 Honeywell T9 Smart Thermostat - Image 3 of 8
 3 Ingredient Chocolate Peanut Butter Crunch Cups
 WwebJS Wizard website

● ● ● ●

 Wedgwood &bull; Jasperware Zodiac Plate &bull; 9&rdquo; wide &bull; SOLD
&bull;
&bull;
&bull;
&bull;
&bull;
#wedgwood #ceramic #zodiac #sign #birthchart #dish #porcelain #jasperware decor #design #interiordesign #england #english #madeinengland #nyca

● ● ● ●

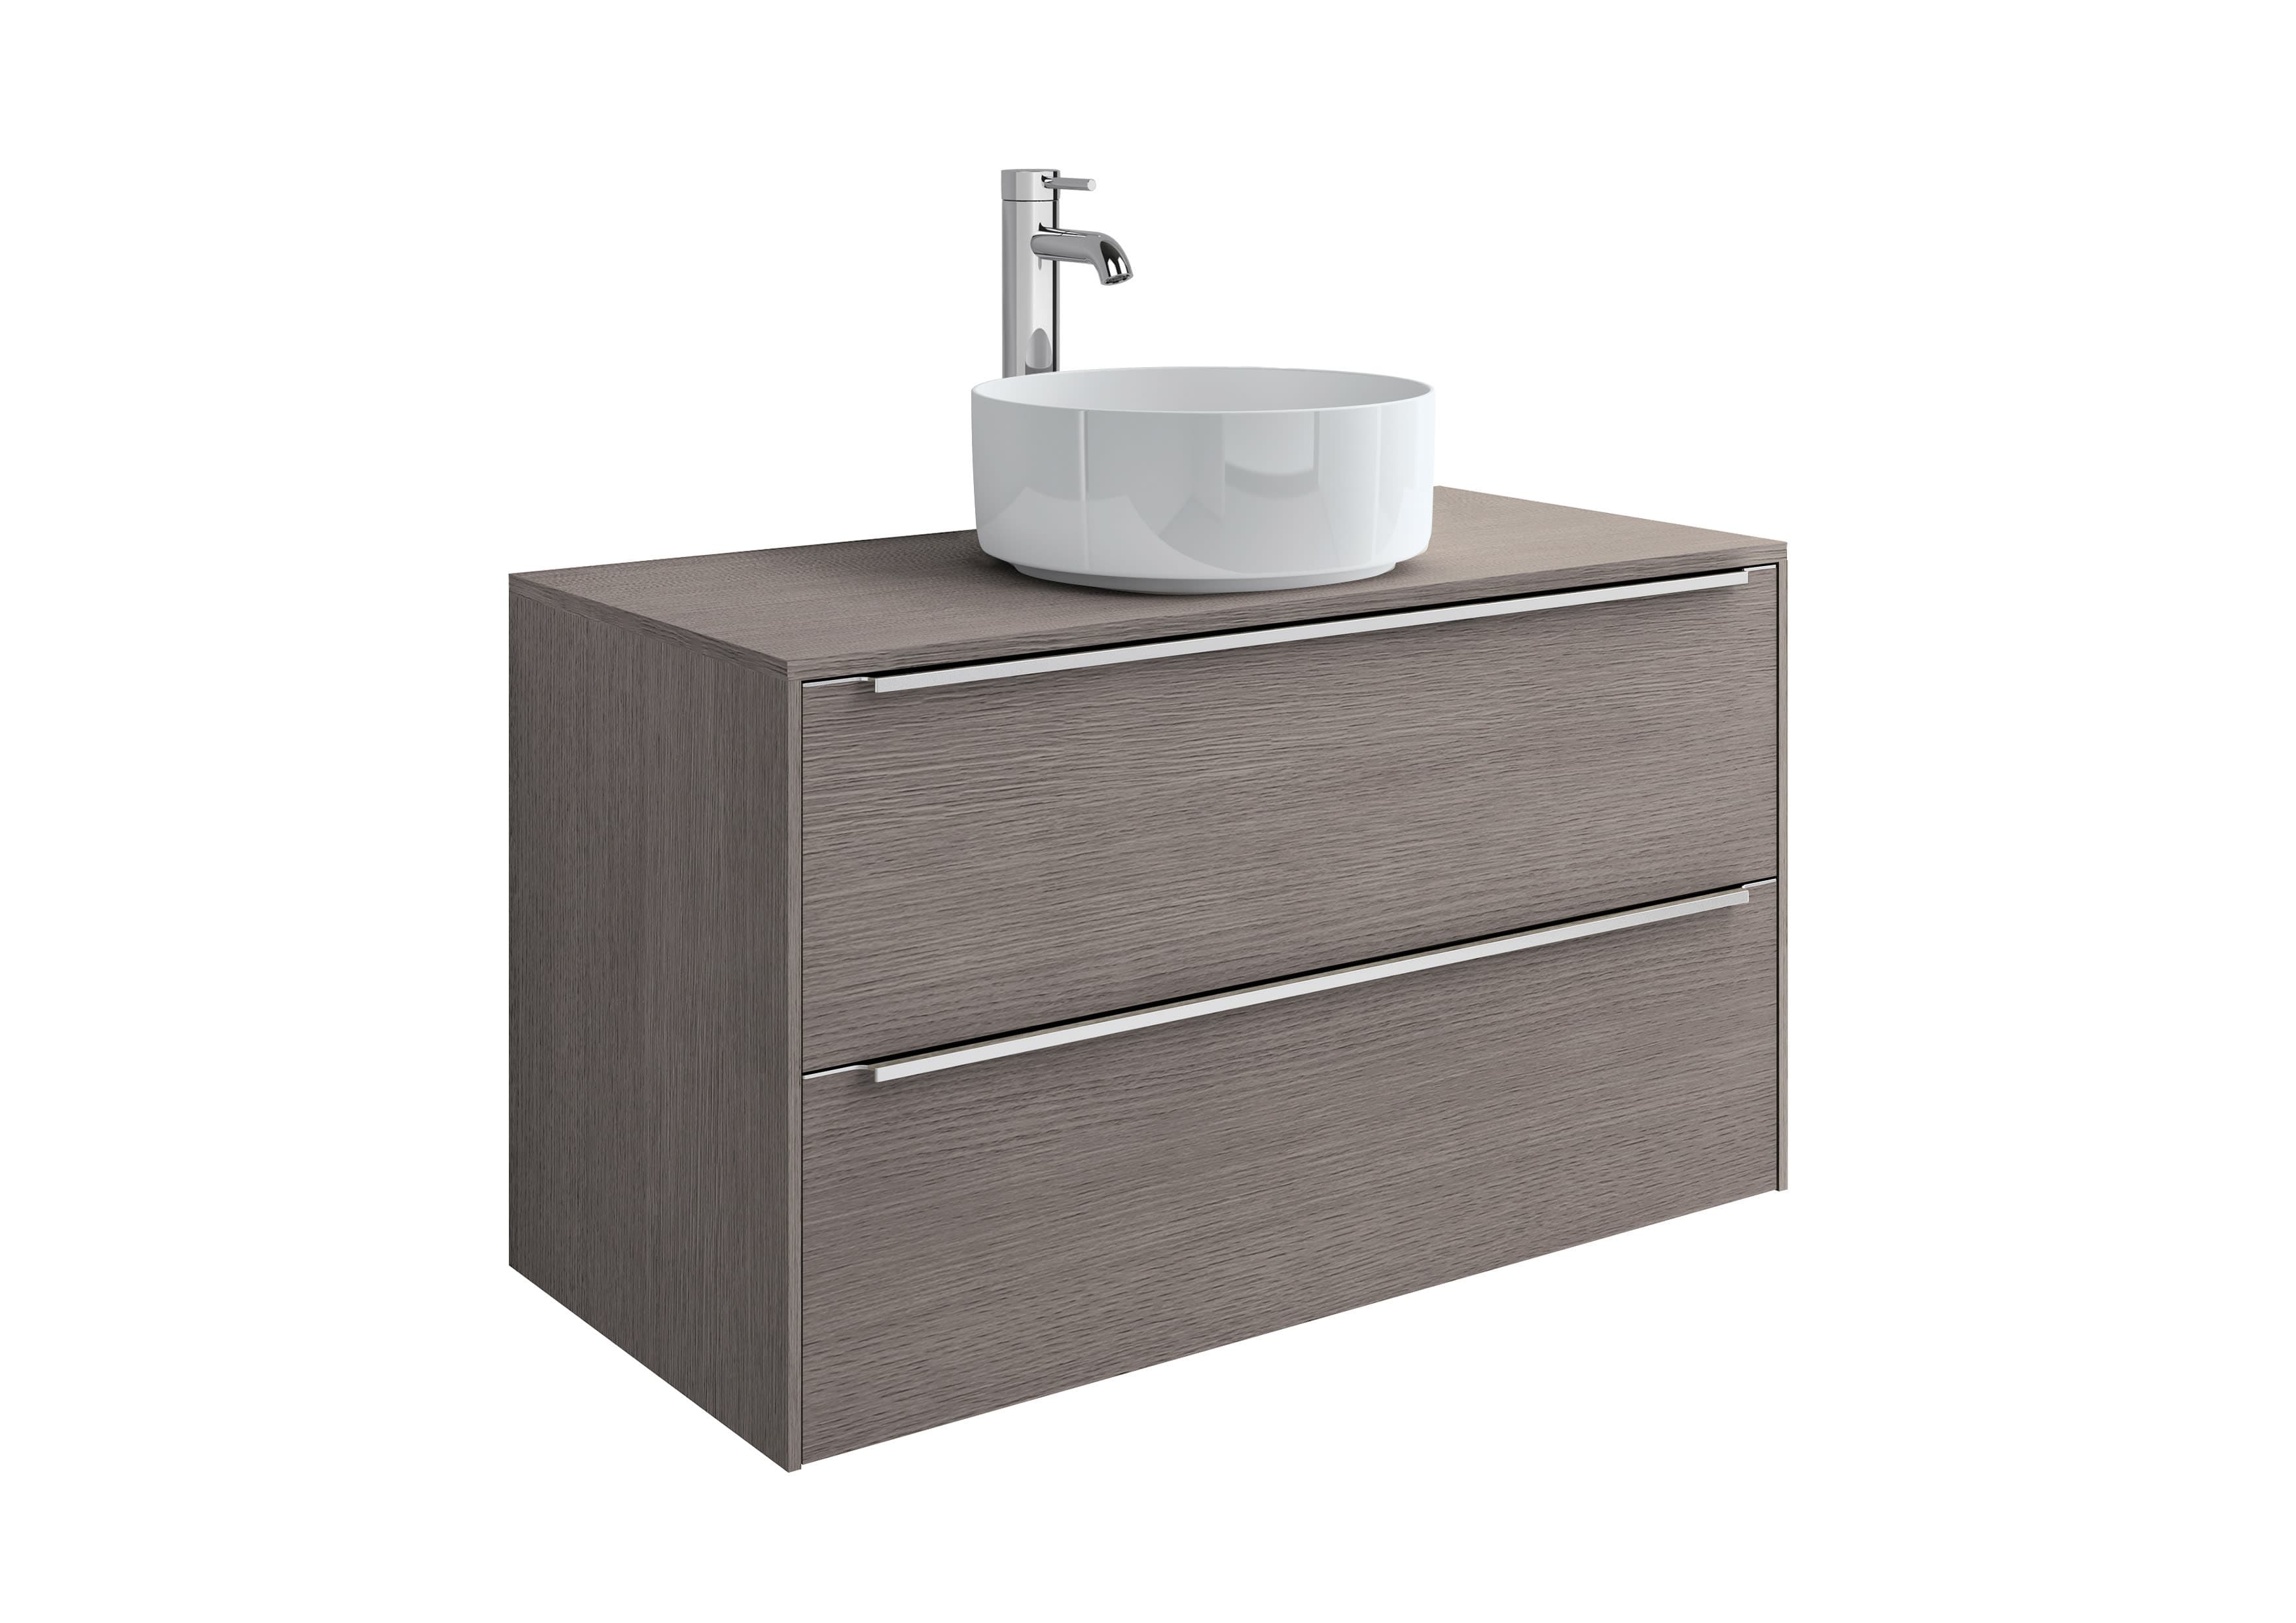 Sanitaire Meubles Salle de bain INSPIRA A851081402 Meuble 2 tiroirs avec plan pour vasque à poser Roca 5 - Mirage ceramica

● ● ● ●

-- Required action --
Within the listing above, the range opens at the line with "Honeywell T9 Smart Thermostat - Image 3 of 8" and closes at the line with "WwebJS Wizard website". Reproduce exactly the lines of that range, including both ends.

-- Solution below --
 Honeywell T9 Smart Thermostat - Image 3 of 8
 3 Ingredient Chocolate Peanut Butter Crunch Cups
 WwebJS Wizard website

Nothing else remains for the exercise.